Phishing assaults are con games that frequently employ social engineering to trick their victims into providing personal or financial information. One of the most prevalent phishing attack strategies is sending a message via email that appears to be from a reputable source but is actually from a phishing site. The phishing site usually imitates sign-in pages that ask for credentials and account information from the users themselves. Once the victim enters sensitive information on the phishing site, the attackers have immediate access to that data.
Phishers are getting better and better, and their attacks are getting more sophisticated. While the ultimate goal of Phishing hasn’t changed, the top spoofing targets have, and email filter-bypassing techniques have become more sophisticated than ever. Let’s look at some developments that have been shaking the whole country.
The Long-term Opportunity Offered by COVID-19
A phishing trend that initially appeared to be passing has turned into a pandemic-focused attack wave that has lasted for eight months. Vade Secure originally discovered COVID-19 phishing emails in March of 2020. The virus and subsequent global lockdowns were exploited by the first COVID-19-themed emails Everyone, from the WHO to state and federal health institutions, appears to have been spoofed at the beginning of COVID.
As the outbreak dragged on, the general population became more aware of the dangers, and hackers altered tactics. There have never been more people working from home than there are now, and hackers have jumped on the opportunity to take advantage of people who are in a vulnerable position. And among the myriads of reasons to hire a cybersecurity consultant, Phishing is among the top ones on the list.
Phishing for COVID-19
The COVID-19 phishing campaign is far from ended, regardless of the subject matter. Hackers will modify their ways to take advantage of the current circumstances as the world goes in and out of lockdown mode and businesses battle to stay afloat.
Now, more than ever, ransomware poses a severe threat.
In the year 2020, ransomware groups were very active. According to their findings, Kroll recently released a report stating that ransomware would be the most prevalent threat in 2020. According to Kroll’s research, among the most common malware in 2020, Ryuk, Sodinobiski, and Maze will account for 35% of all attacks, with 26% coming via phishing emails.
In 2020, the prevalence of ransomware was expected to rise across nearly all categories. CyberEdge Group estimates that in 2020, 62.4% of firms will have been hit by ransomware, up from 56.1% in 2019. By 2019, ransomware cost businesses $11.5 billion, and organizations hit by the virus paid the ransom in 57.5 percent of cases, up from 45.1 percent in 2019.

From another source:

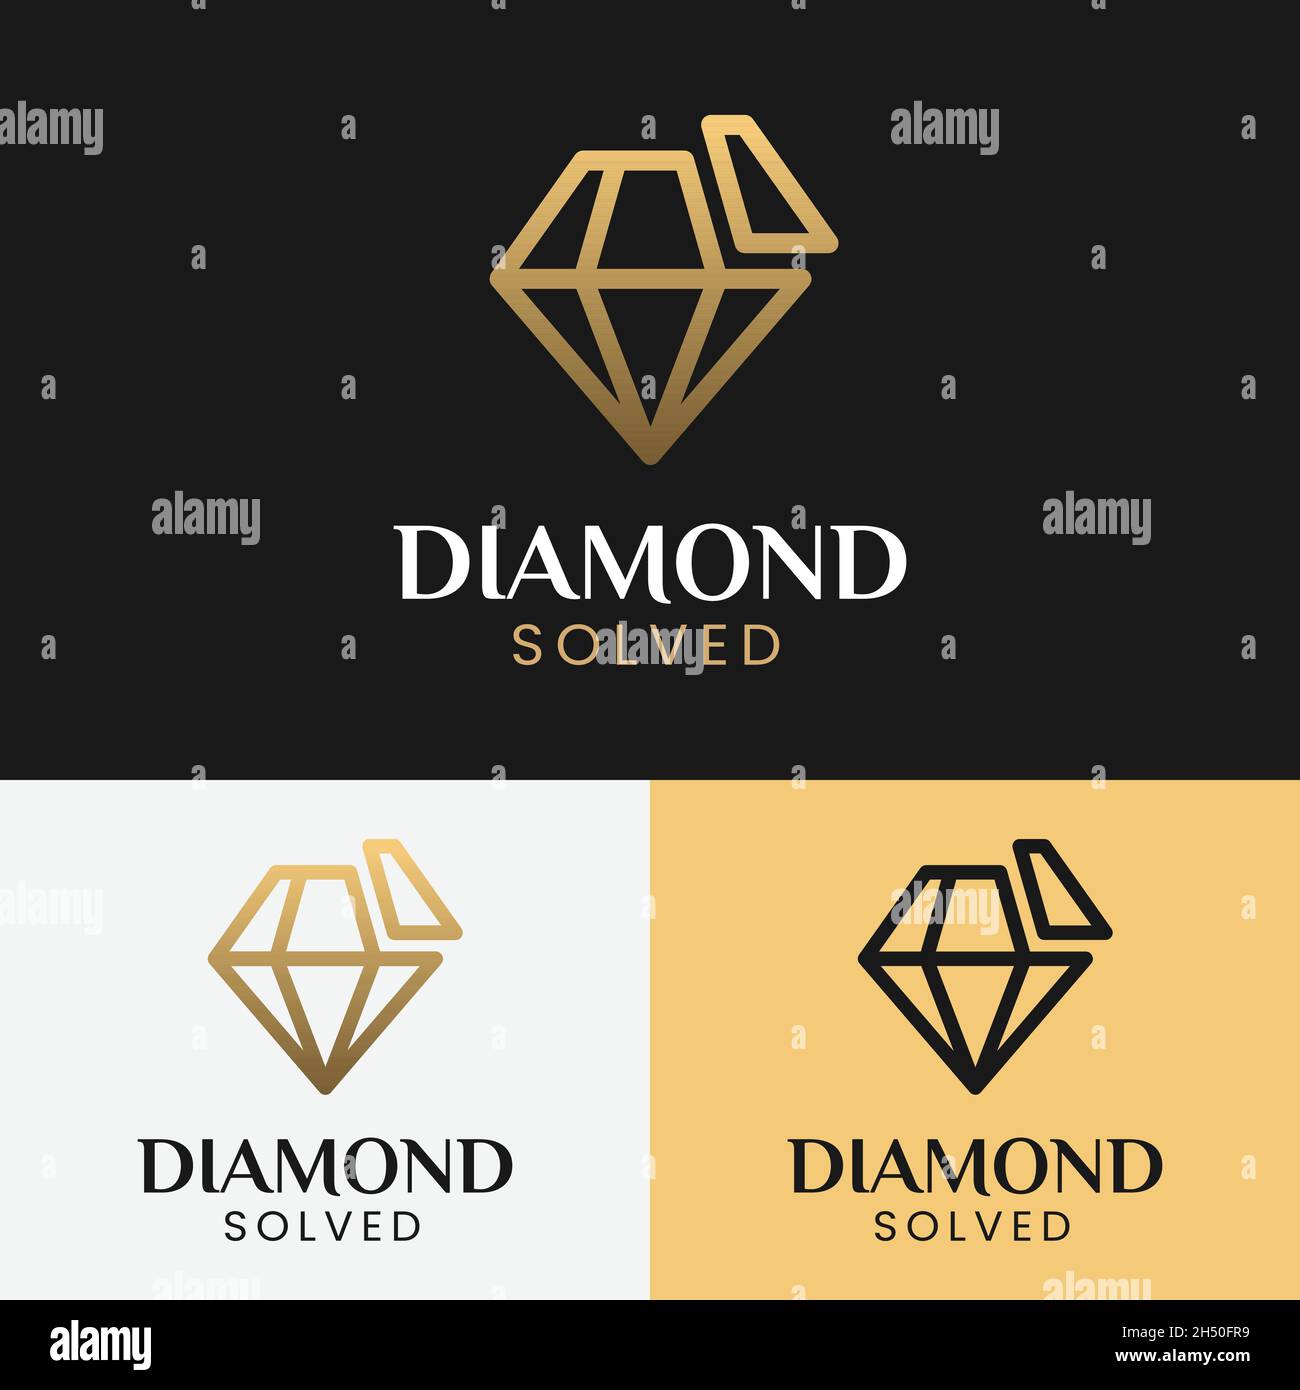 Diamond Solved in Line Style Logo Design Template. Geeignet für Schmuck Schmuck Mode Boutique Bekleidung Shop Store Business Brand Company Logo. Stock Vektor

In 2020, ransomware targeted MSPs particularly aggressively. Coveware and NinjaRMM conducted a joint poll and found that 57% of MSPs saw an 11-20% client turnover rate due to a ransomware attack. 13% of MSPs reported a 50% or more churn rate. Cryptolocker, WannaCry, and CryptoWall were the most prevalent ransomware versions, according to MSPs.
The Reappearance of Emotet
As we near the end of the year, Emotet malware has made a comeback. Microsoft discovered a large-scale phishing campaign utilizing malicious URLs and attachments on July 17, and an alert was issued as a result.
Vade Secure saw an unusual rise in the number of unique Microsoft phishing attacks in August. Usually, Microsoft detects roughly 240 distinct phishing URLs on peak days, but on August 21, that figure jumped to 846.
Security agencies in Australia, Japan, France, and Italy sent alerts regarding Emotet activity in September. There was a significant rise in Microsoft phishing URLs around the same period, according to Vade Secure: 1,799 on September 1 and 1,151 on September 21. Vade Secure continued to detect waves of Emotet activity into October, especially on weekdays when employees are riveted to their inboxes. Malicious Word documents and phishing emails posing as a Microsoft Word update were used in the latest Emotet attacks.
Thread hijacking is a common phishing technique used in Emotet emails. Hackers inject themselves into email threads and pose as colleagues and connections to spread further infections via phishing links and attachments, including password-protected.ZIP files, thanks to tools like Outlook scraper.
If you haven’t done so previously, now is the time to begin phishing training. Users should receive immediate, contextualized instruction in addition to organized activity whenever they click on a phishing link. In Vade Secure for Microsoft 365, automatic phishing awareness training is provided by Vade Threat Coach. Finally, phishing attacks continue to target cloud services the most of any other sector.